While creating this work for the 2024 edition of the Here and Now Festival, Vladislav was, admittedly, reflecting on the role of experiment in art and science. As the title for it, he chose an equation exemplifying the so-called synergy arithmetic.

It is commonly believed that synergy arithmetic makes no mathematical sense, however it does contribute to the true representation of creative, social and scientific dynamics. Relying on this understanding, the artist presents a case where combining two constituents, theory (1) and practice (1), produces a new object, concept, or form (3). With this work of art, an illustration of synergy in action is now on display at the Skolkovo Innovation Center.
Vladislav Dakes is a contemporary artist, practicing designer and creator based in Sochi. Being active in graphic art and collage-work, he also produces objects, installations, and murals in the urban landscape. Vladislav is a graduate of the British Higher School of Art and Design where his areas of academic focus included hand-printing techniques, the philosophy of media, and communication theory. Fused with his street practice, this background provided a foundation for his creative experiments.

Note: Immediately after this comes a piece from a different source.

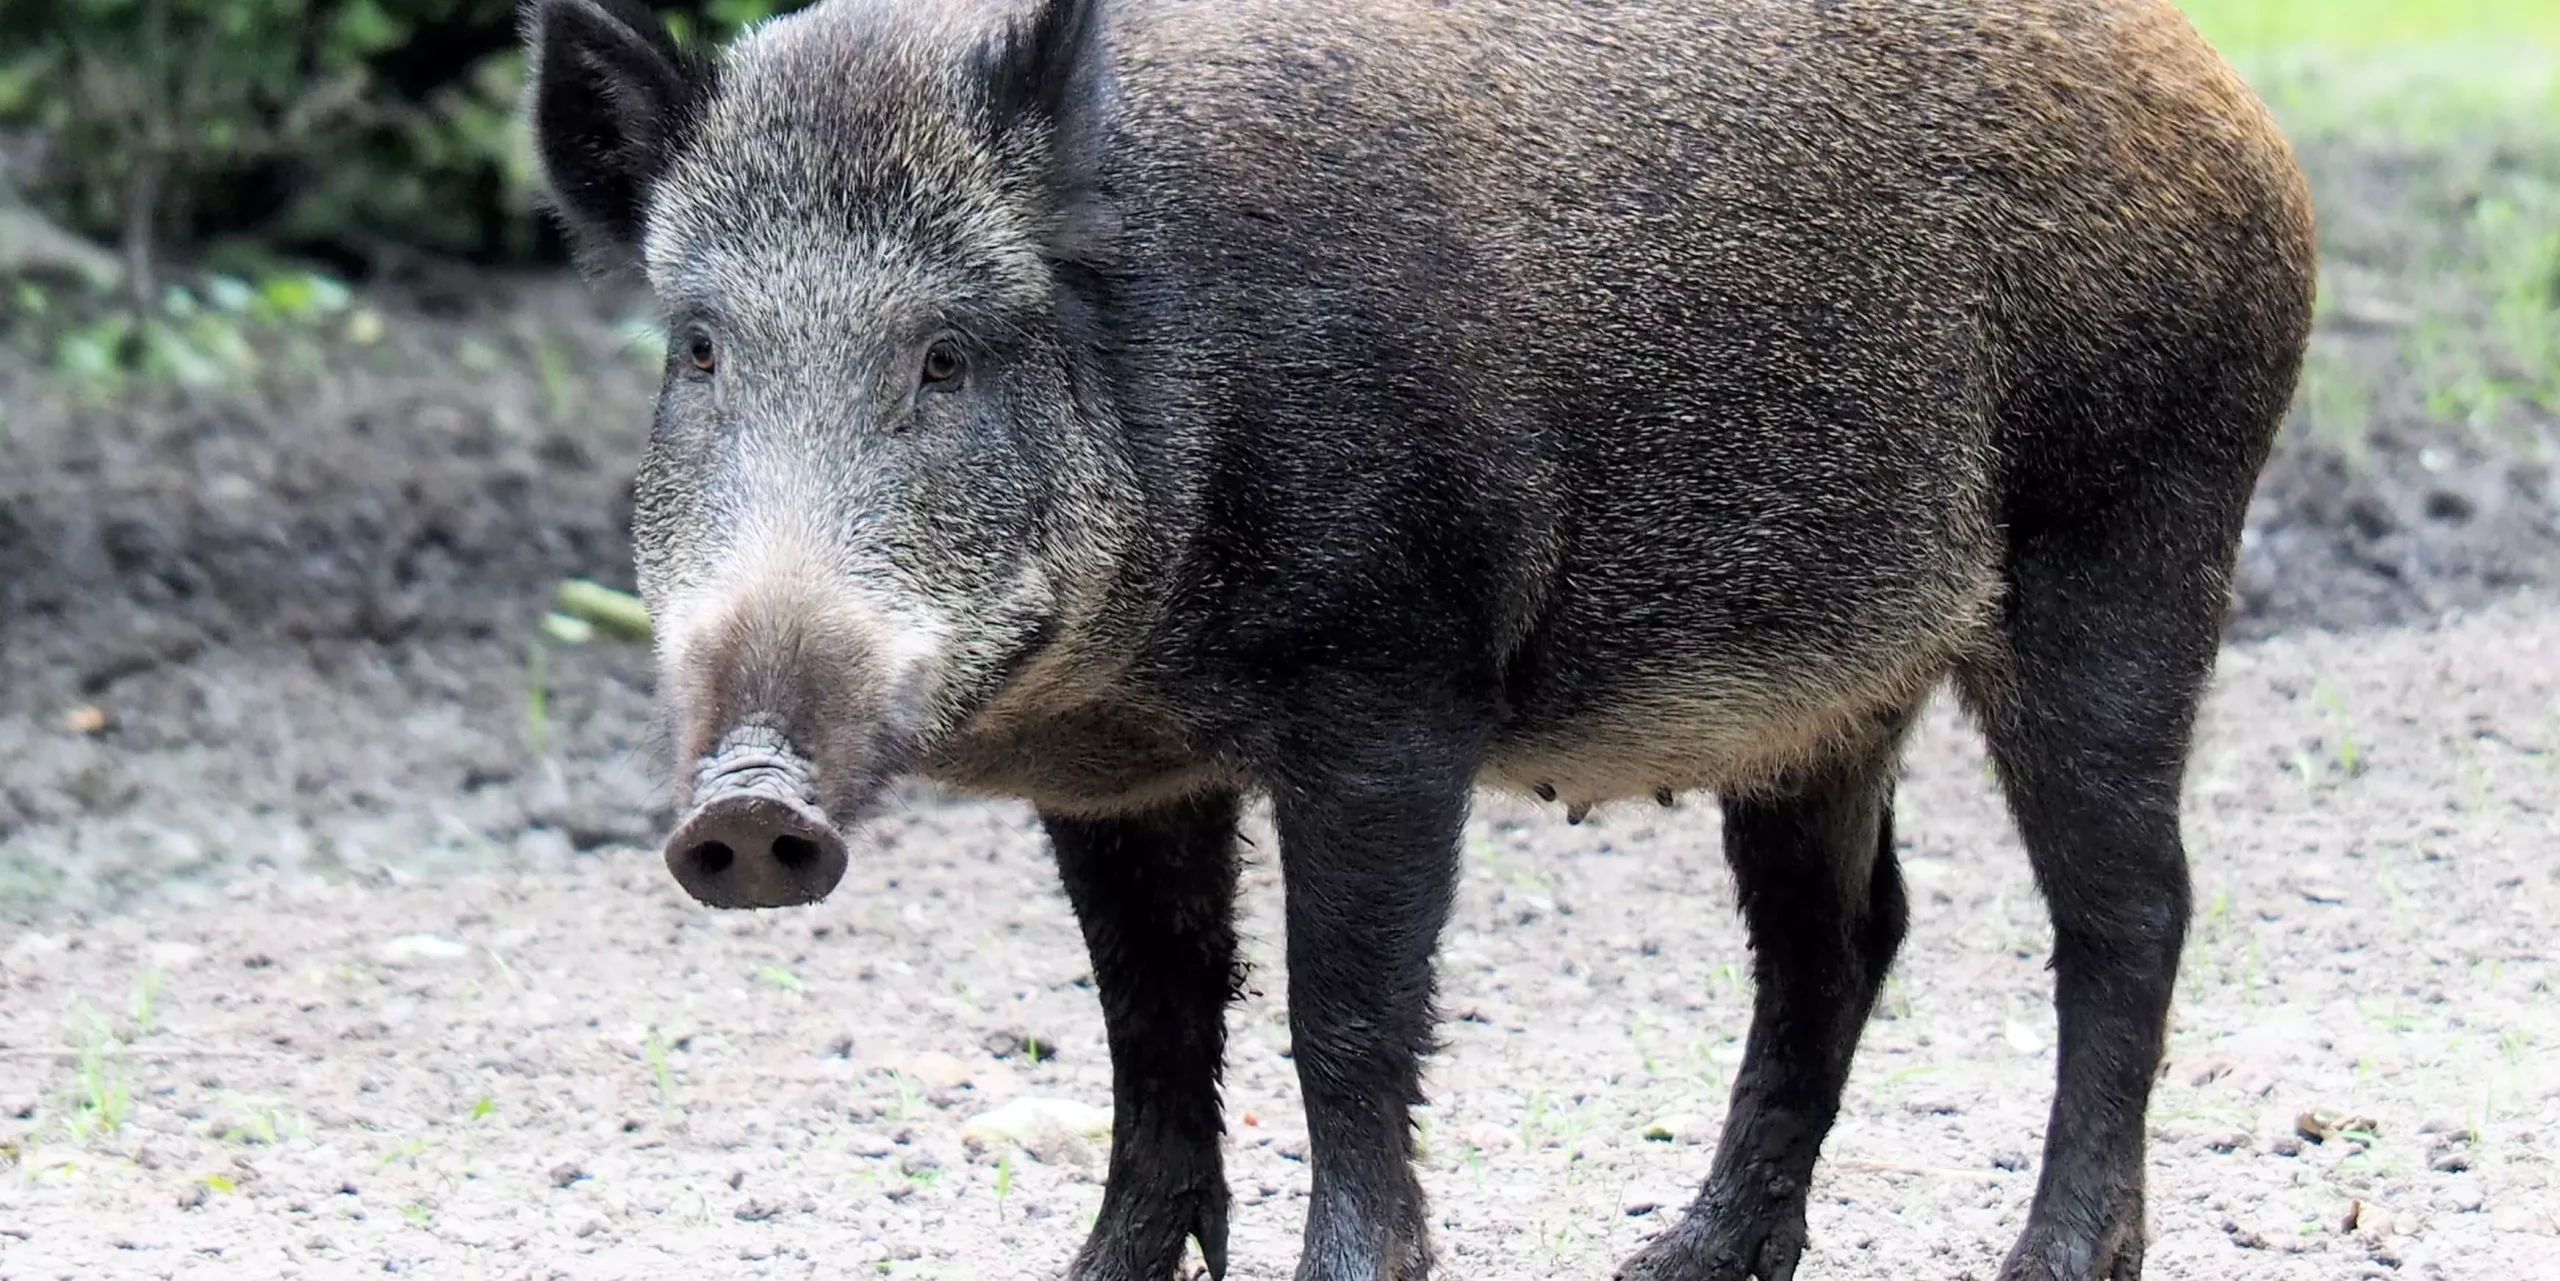 Peste porcine africaine (PPA) : une menace sérieuse pour les éleveurs de porcs

Vladislav is part of the Valgalo Company, the Sochi-based team of urban artists. His portfolio boasts numerous art objects he has created across Russia. In 2024, Vladislav took part in the Biennial of Visual Arts in Serpukhov, Russia, where he painted a building with artwork designed as a homage to Vassily Kandinsky and built The Art Well.1928, an installation modeling the local artesian well tower from 1928, now lost.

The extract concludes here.